The Alpine Up is indeed a big thing and quite heavy on the harness if leading. I don’t use it seldom for this reason. With thinner twin ropes the Alpine Up gives less “salad” then with thicker rope (for me the double). With a double rope it is a lot of doing, very likely because I do not practice/use it enough? 

A Reverso/ATC gets also hot when one rappels fast so will the MegaJul. As TobyA says rappel in non-blocking mode, and belay in locking-mode sounds plausible for smooth operation. Hopefully the feeding is as easy as an ATC, I had the Giga Jul, the courtship was very short, it blocked all the time. With a smile: I am going to sponsor the industry and give the MegaJul a try. 

 TobyA 30 Jan 2020
In reply to Coel Hellier:

Nope, I think that's very much the wrong way - I imagine that in using the thumb loop to release it when abseiling you run the risk of dropping yourself a bit, catching your thumb and probably lots of other not great outcomes. Edelrid's instructions now only seem to refer to abseiling with it the other way around - https://media.edelrid.de/images/attribut/54544017_GAL_MegaJul_MicroJul_Mega... (picture 11) and recommends using a prussik as back up, but they used to suggest abseiling in the locking mode using a krab in the nose hole as a lever. I guess this ran the risk of someone in a panic pulling back on the lever not letting it go, but that's the same risk as abing on a grigri - I think if you understand how it works and want a locking abseil device the megajul (like a Grigri on a single rope) works well.

 CPH 31 Jan 2020
In reply to Coel Hellier:

It's a bit bulky but not very. It depends what other stuff you would carry up a multi pitch route normally (sport or trad.). It's not that heavy either.

I did a rough comparison:

Alpine-Up 180gm plus screwgate 77gm

vs Reverso 59gm plus screwgate 56gm plus another to attach prusik 56gm.
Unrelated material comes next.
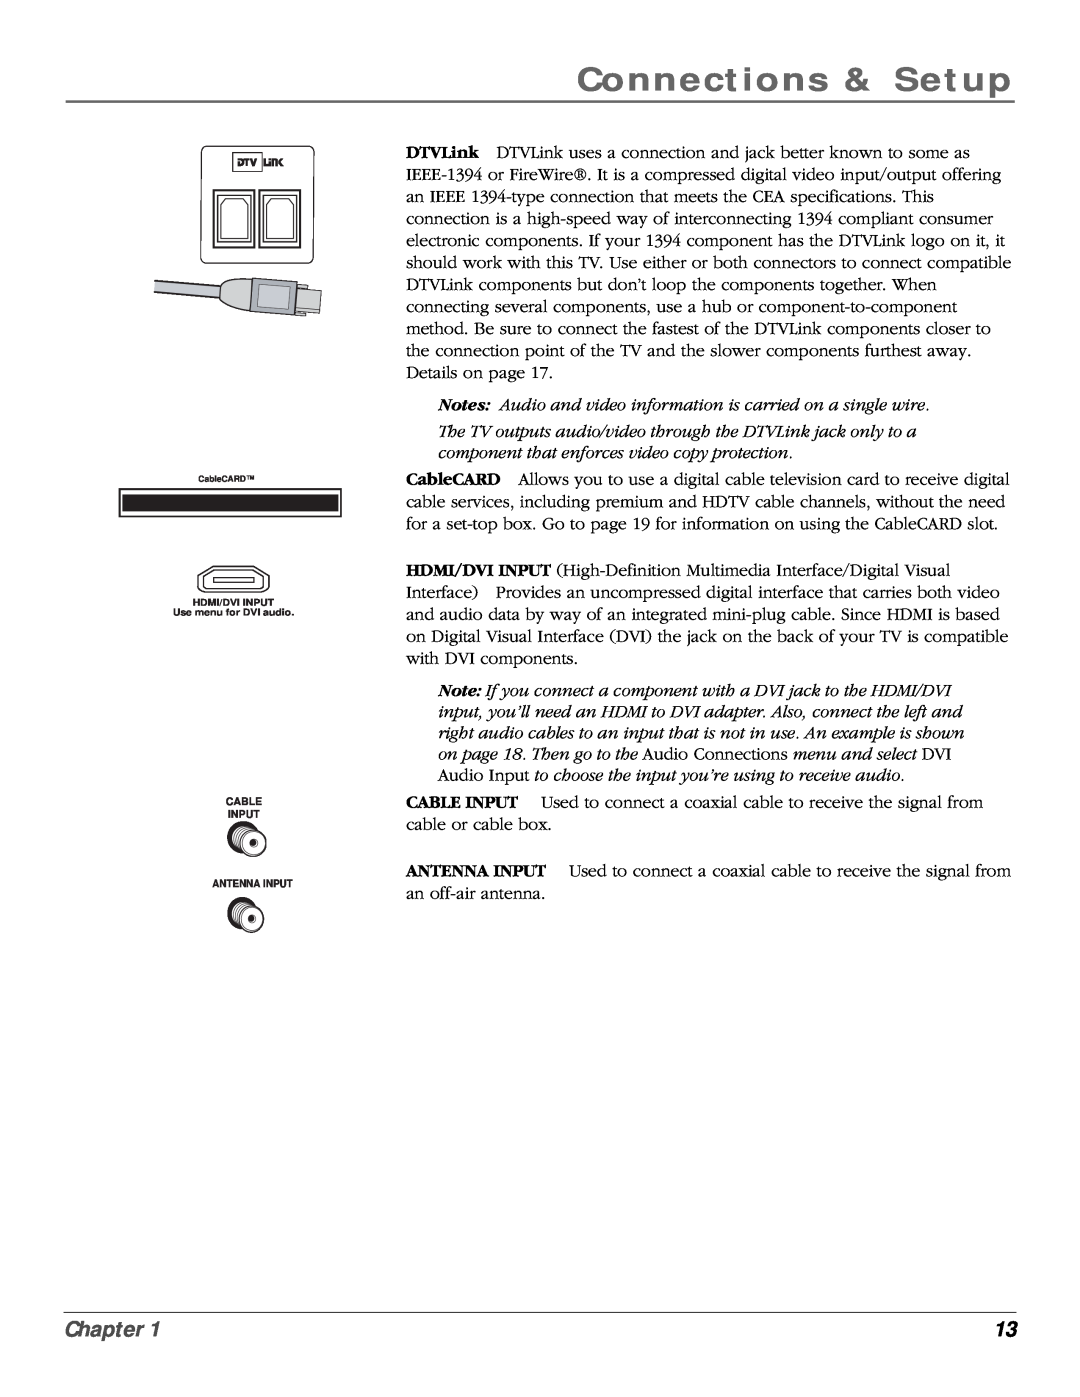 RCA scenium manual Connections & Setup, Chapter, Notes Audio and video information is carried on a single wire

Difference=86gm...…..not far off the weight of a quickdraw.

I think that is worth the security you feel when abseiling. And when belaying you get assisted breaking for sport routes. There is a dynamic belaying mode for trad.

 bpmclimb 31 Jan 2020
In reply to drconline:

> Yes that does indeed give me pause. Less so with two ropes tied together where at least you have a knot so depending which rope fails you should be OK, but definitely if doing a 'retreating' abseil on a single rope doubled up where you don't knot the rope at the anchor at all. 
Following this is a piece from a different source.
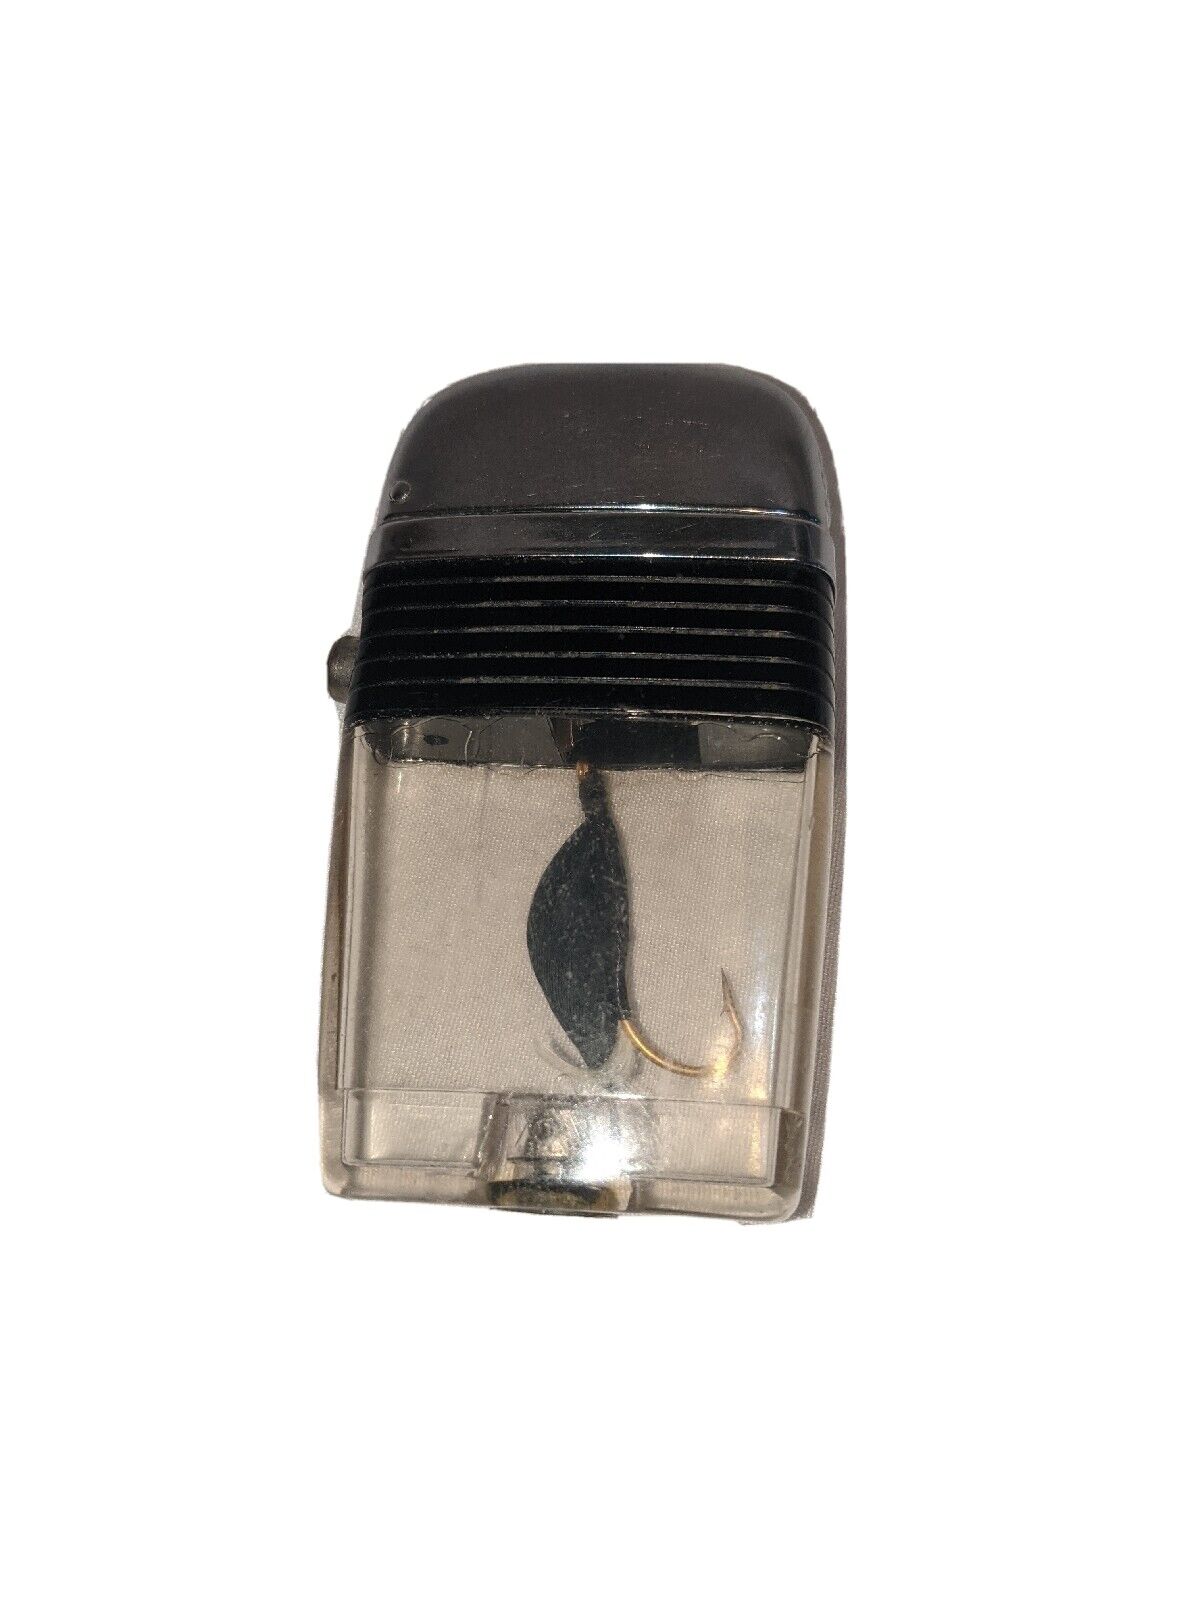 Vintage Scripto VU Lighter with Fishing Fly Black Band 1960s

FWIW I don't in any way think of myself as more "backed up" when abseiling on doubles. If I read you right, you're thinking of the scenario of the rope on the knot side getting cut, and the knot saving you by jamming in the anchor. That sounds only 50/50 at the very best.

I would have thought it's more healthy to think of any abseil, whether single or double, as "all eggs in one basket", and make damn sure that the rope(s) aren't sawing across any sharp edges. 
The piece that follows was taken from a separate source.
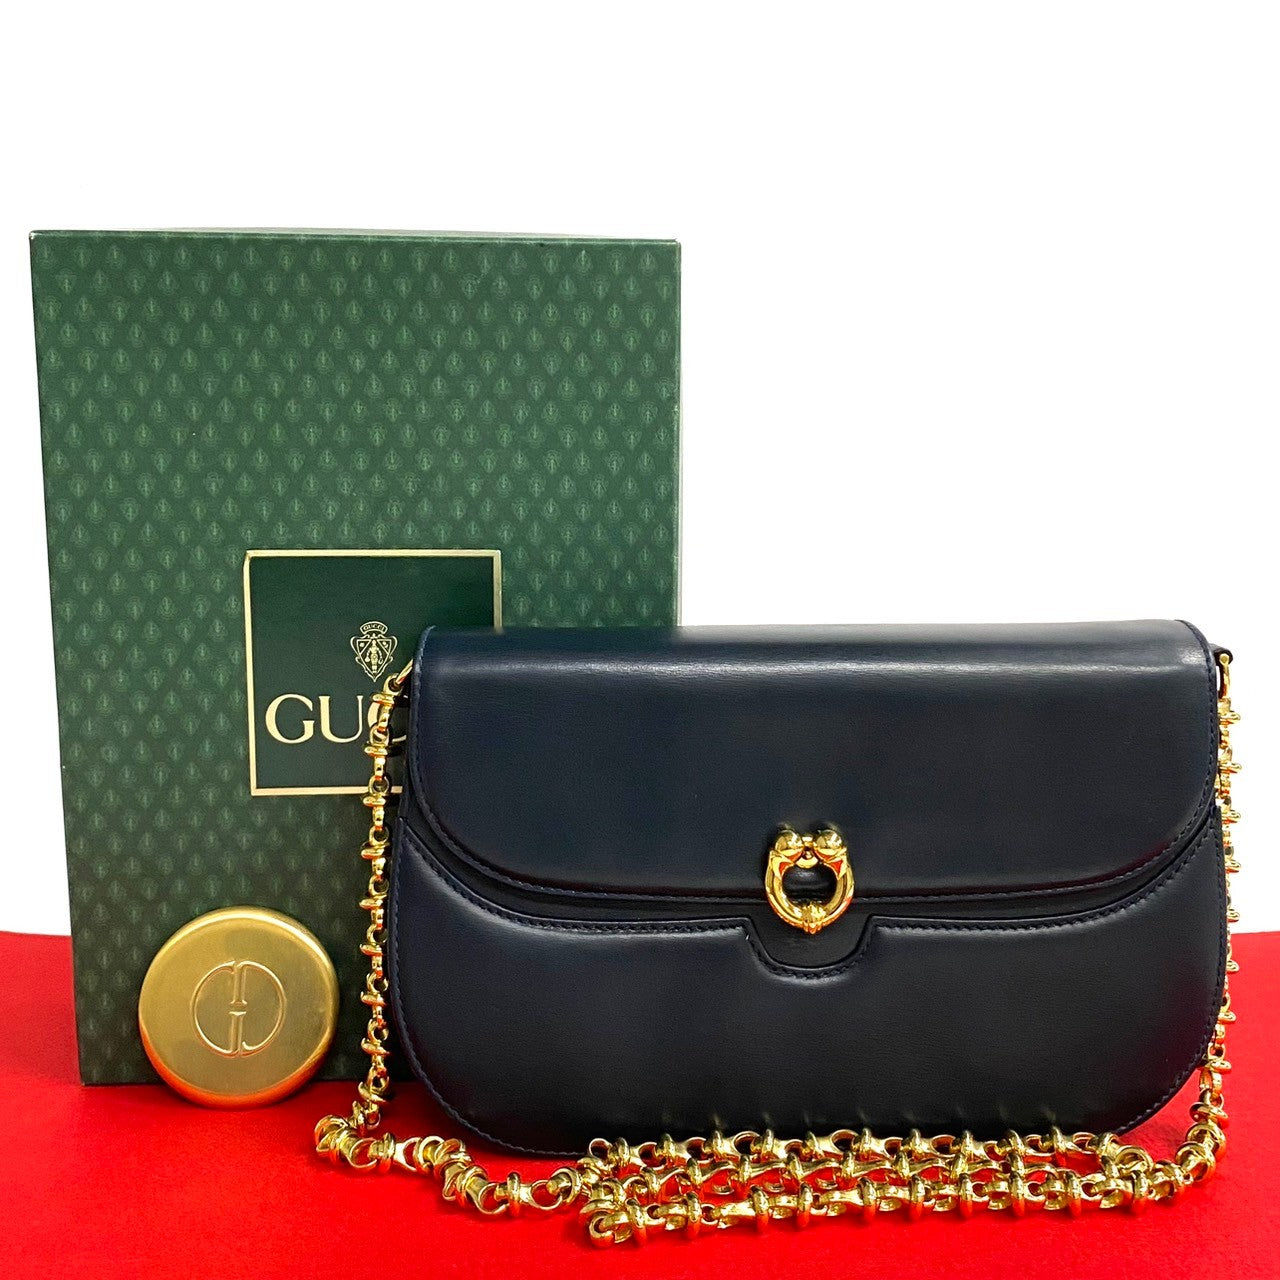 Gucci Leather Chain Crossbody Bag  Leather Crossbody Bag in Excellent condition

Modern ropes don't just "fail". They can of course get cut, but that is to a large extent a controllable risk .... as is not tying the knot properly, abseiling off the ends, etc, etc.

Post edited at 10:52
 Euge 31 Jan 2020
In reply to Thegreatdrew:

This one

https://www.ukclimbing.com/gear/climbing/belays/edelrid_giga_jul-12021

I got one for my son when he started climbing so he could belay me without me worrying if he is paying attention lol.

Euge

 Toerag 31 Jan 2020
In reply to drconline:

>  BD Pilot  Can't be used for abseiling

> Click-up  Also single rope only and no abseiling.

> Edelrid MegaJul looks very similar as well. Also single rope only and I presume no abseiling.

Why can't you ab on a single strand with them? Abseiling is just lowering except you move and the rope stays in one place.

*Yes I know you can't use a double rope ab with these.

Post edited at 16:19
 Robert Durran 31 Jan 2020
In reply to Toerag:

> Why can't you ab on a single strand with them? Abseiling is just lowering except you move and the rope stays in one place.

Yes, I was confused by this too!

 Rick Graham 31 Jan 2020
In reply to Toerag:

> >  BD Pilot  Can't be used for abseiling

> Why can't you ab on a single strand with them? Abseiling is just lowering except you move and the rope stays in one place.

There is a lot of friction involved in a lower.

About 30% reduction at least over the lower off ring.

With a convoluted pitch past several overhangs as on my local wall you can just about lower thro your hand.